**Exercise instructions:** Locate the line bearing "昆仑润滑油一级代理商 现货昆仑抗磨液压油HM46/HM32/HM68 170kg" in the material below, then reproduce it and each following line up to and including the line bearing "EY Parker Logistics".

**Data:**

+ + +

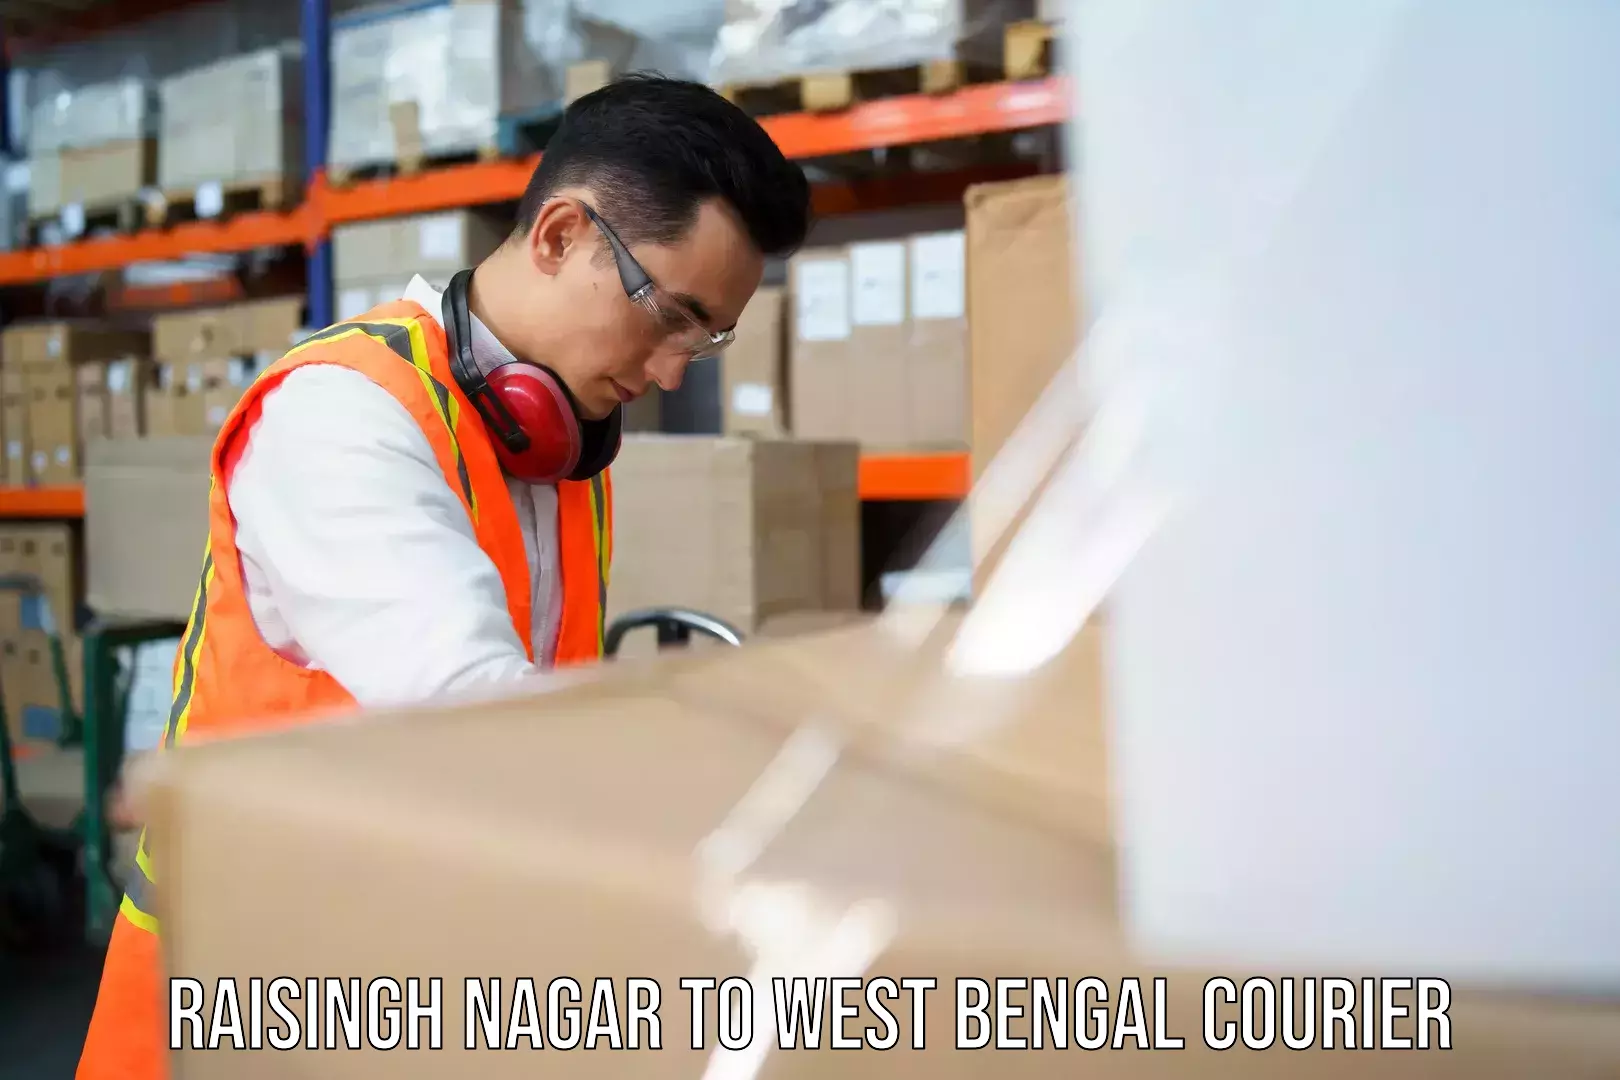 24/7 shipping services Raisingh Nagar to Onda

+ + +

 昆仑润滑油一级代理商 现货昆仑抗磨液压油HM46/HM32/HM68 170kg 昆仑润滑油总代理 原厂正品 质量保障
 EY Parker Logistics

+ + +

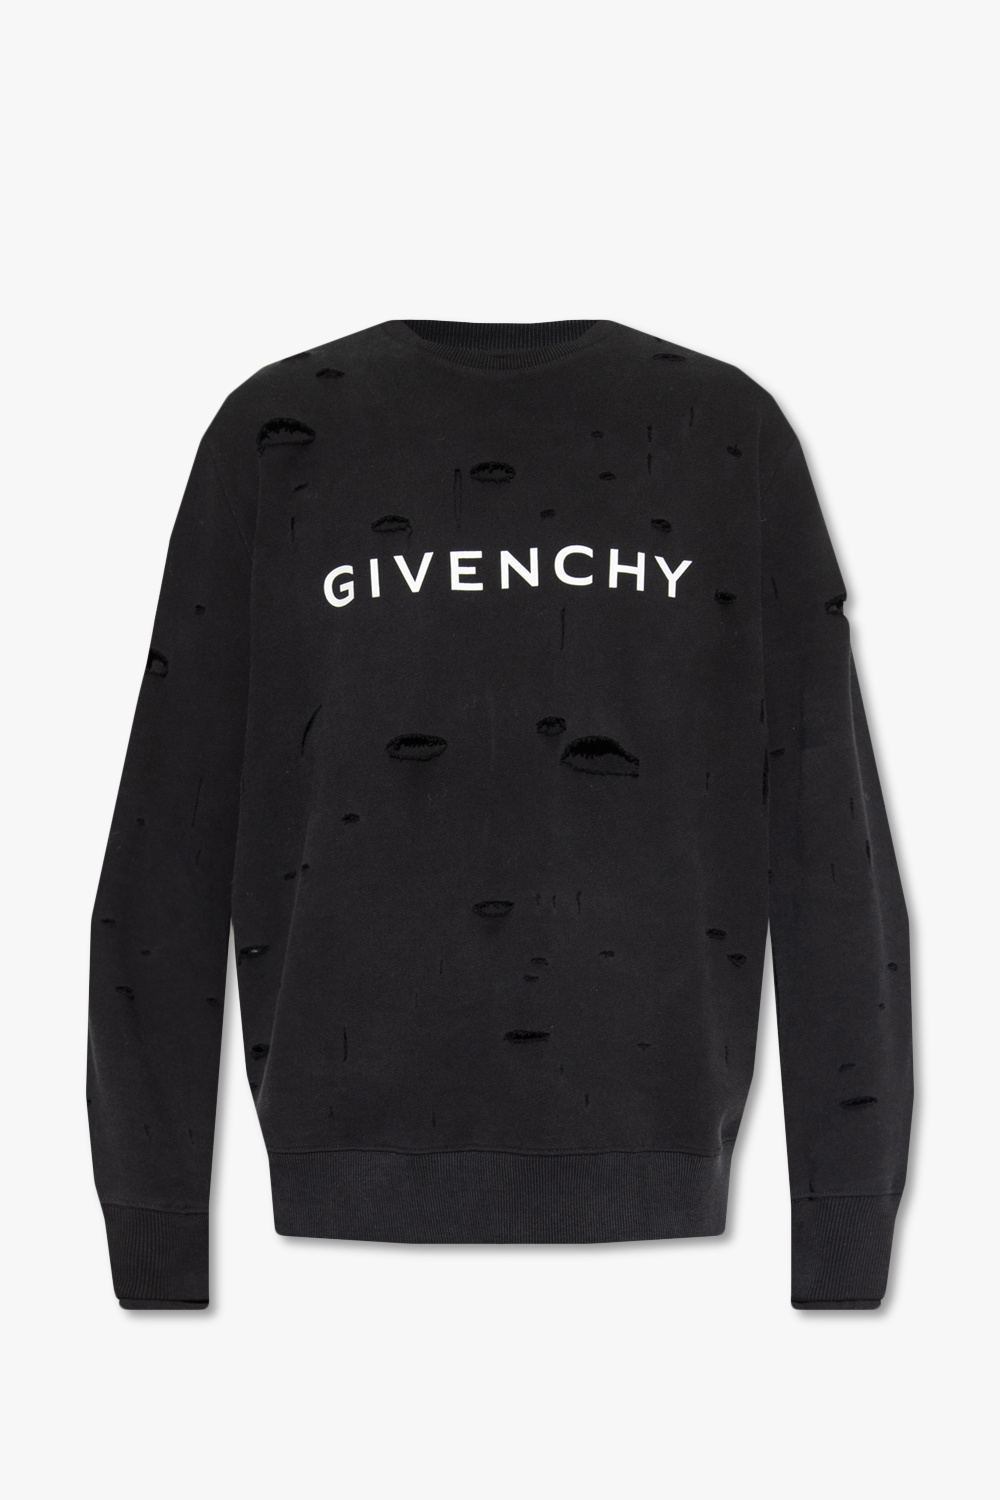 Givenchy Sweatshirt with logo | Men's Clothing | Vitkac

+ + +

**Solution below:**
 昆仑润滑油一级代理商 现货昆仑抗磨液压油HM46/HM32/HM68 170kg 昆仑润滑油总代理 原厂正品 质量保障
 EY Parker Logistics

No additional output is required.